What issue might the Catholic Church bring up next in its war on women, or sex, or whatever it is that those allegedly celibate people want to deny everyone else because for some reason they swore it off?
Well, how about letting a woman continue her birth control pills while she's an inpatient in a Catholic hospital? Up to now, apparently there's no problem with it. At the risk of giving the anti-sex faction an idea, I'm going to suggest here that we have a reply in opposition ready.
I went into medical practice with my father 33 years ago. He was an internist and clinical cardiologist; I'm a non-invasive cardiologist which is about the same thing. We both did a lot of primary care for adults. Some time before I joined him in practice, I asked what happened if a lady who was on birth control pills went into the Catholic hospital where he admitted all his patients. Was there any problem continuing them? (When someone goes into the hospital, they want all home medicines that are going to be continued to be ordered by the admitting doctor, dispensed from the hospital's pharmacy, and carried to the bedside by the nurse. In general, that's a good way to do things -- it keeps everyone 'on the same page' as far as what medicines the patient is getting.) Anyway, my father assured me, "Oh, that's no problem." That was some time in the 1970's. As it happened, in my 33 years in practice, the matter never came up for my patients, even though we both used that Catholic hospital. Most of my patients were well past the age it would be a consideration. But I think it must have come up occasionally for my father, who practiced back in the days when people would go into the hospital for a few days of testing -- things that now would be done as an outpatient.
It might be a problem now, or soon. The same people who (suddenly) don't want to pay for their employees' birth control pills might soon get a bug in their bonnet about not letting ladies continue the same pills while they're an inpatient under a 'Catholic roof.' The group it would likely hit hardest would be young psychiatric inpatients. But anyone -- or any woman -- could be affected. What if someone is involved in an accident and has trauma that seems to be mild. At least occasionally, it's prudent to keep such folks in the hospital overnight. Imagine the conversation:
"And what medicines were you on at home, ma'am?"
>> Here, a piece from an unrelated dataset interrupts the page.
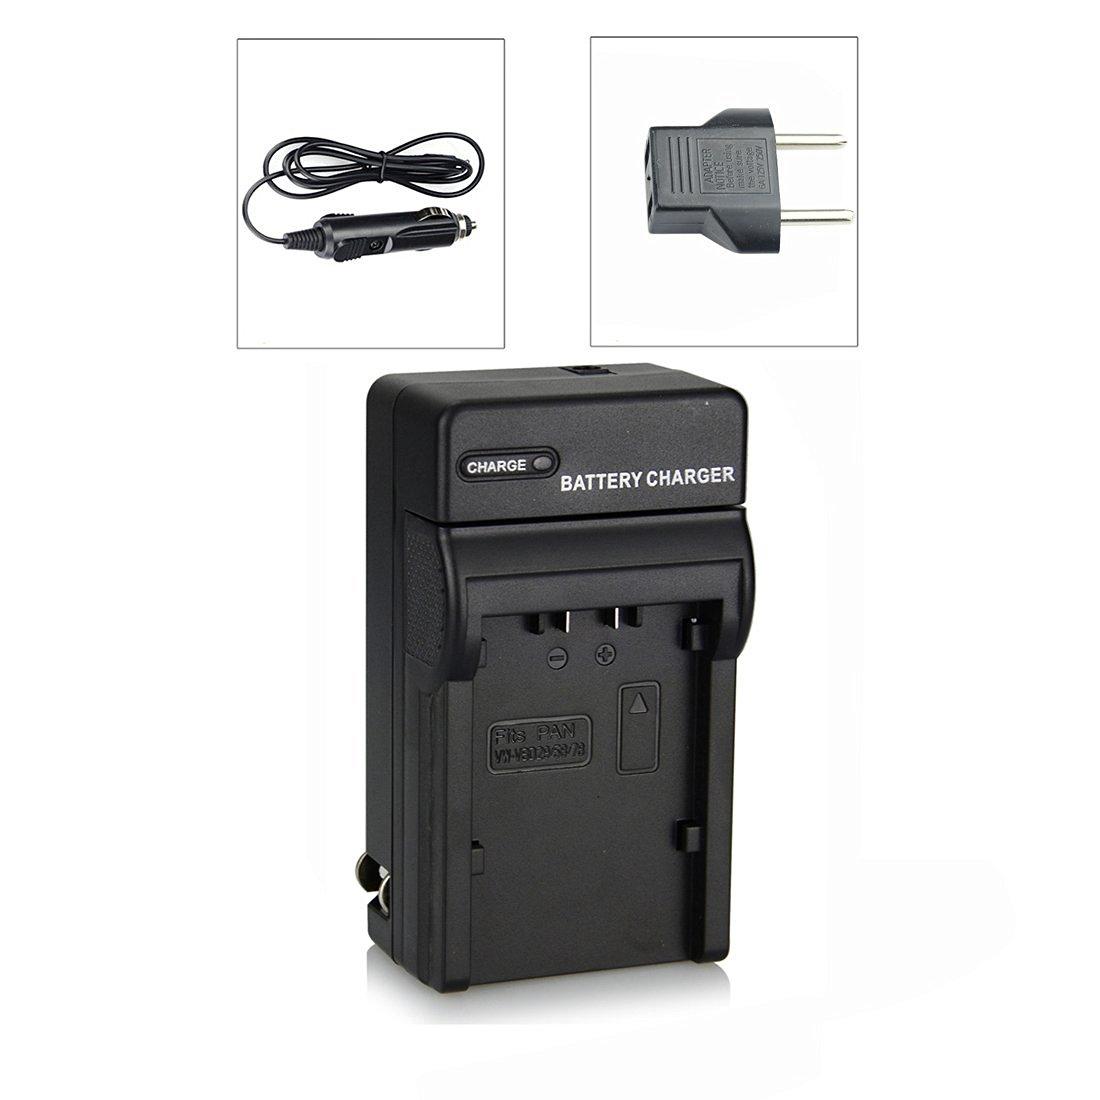 DSTE DC155 Travel and Car Charger Adapter for Panasonic VW-VBD29 VW-VBD58 VW-VBD78 Battery as AG-B23P

"Oh, just my birth control pills. Come to think of it, I'll need my pill tonight. Do they have my kind in the pharmacy here?"
"No. We don't keep any birth control pills in the pharmacy here. We're a Catholic facility. It's a matter of policy."
"Well, I guess I could get my husband to bring mine from home."
Will the answer be, "Oh, that's fine. Just have him bring them to the nurse's station so we can make sure what kind and dose they are and enter it on your medications list."?
Or will it be, "No, we can't allow you to take them here."?
Remember, the lady may not even have chosen this hospital; it may have been forced on her by the situation. If the best and nearest trauma hospital happens to be a Catholic hospital, that's where the ambulance should take her.
One way a similar issue has already come up is in rape cases. When a woman turns up in an emergency room after a rape, the usual treatment includes a dose of Plan B. In New Haven, where I went to medical school, there are two main hospitals -- the university hospital and a Catholic hospital. I had rotations in both as a medical student. The Catholic hospital was about a ten minute bike ride from the medical school and the university hospital -- ten minutes when I was in my twenties. The issue of whether Catholic hospital had to dispense Plan B for a rape victim who was brought into their ER came up. This story from the Newspaper of the Roman Catholic Archdiocese of Hartford seems to sum up how it shook out in 2007.
http://www.catholictranscript.org/...
In Connecticut they made a new law that the hospitals indeed had to dispense emergency contraception, after getting a negative pregnancy test. (If a woman tests pregnant 24 hours after a rape, she was probably already pregnant. I'm pretty sure it takes several days after conception for any of the tests to turn positive.) If the victim is pregnant, Plan B isn't appropriate anyway -- it's time to think about an abortion.
But note that the Archbishop in Hartford, back in 2007, still seemed to reserve the right to argue further if it could be shown that Plan B actually can cause an abortion. That just might be why the anti-sex crowd is now looking for ways -- scientific or with propaganda -- to convince people that Plan B does indeed cause abortions.
If I remember correctly, Joe Lieberman weighed in on this, maintaining that it would have been OK for the Catholic hospital in New Haven to tell a rape victim to go to the other hospital to get Plan B. Even if she didn't have transportation. It's maybe a 20 minute walk, through some iffy neighborhoods, and Plan B works better the sooner you take it. Somehow that seems like Holy Joe, telling rape victims to take a hike.
As for having a reply ready, I don't have any really catchy sound bite. The best I could come up with is, "Just because I'm under a "Catholic" roof, does your Catholic conscience override mine? It's your roof (do roofs have consciences?) but it's my body."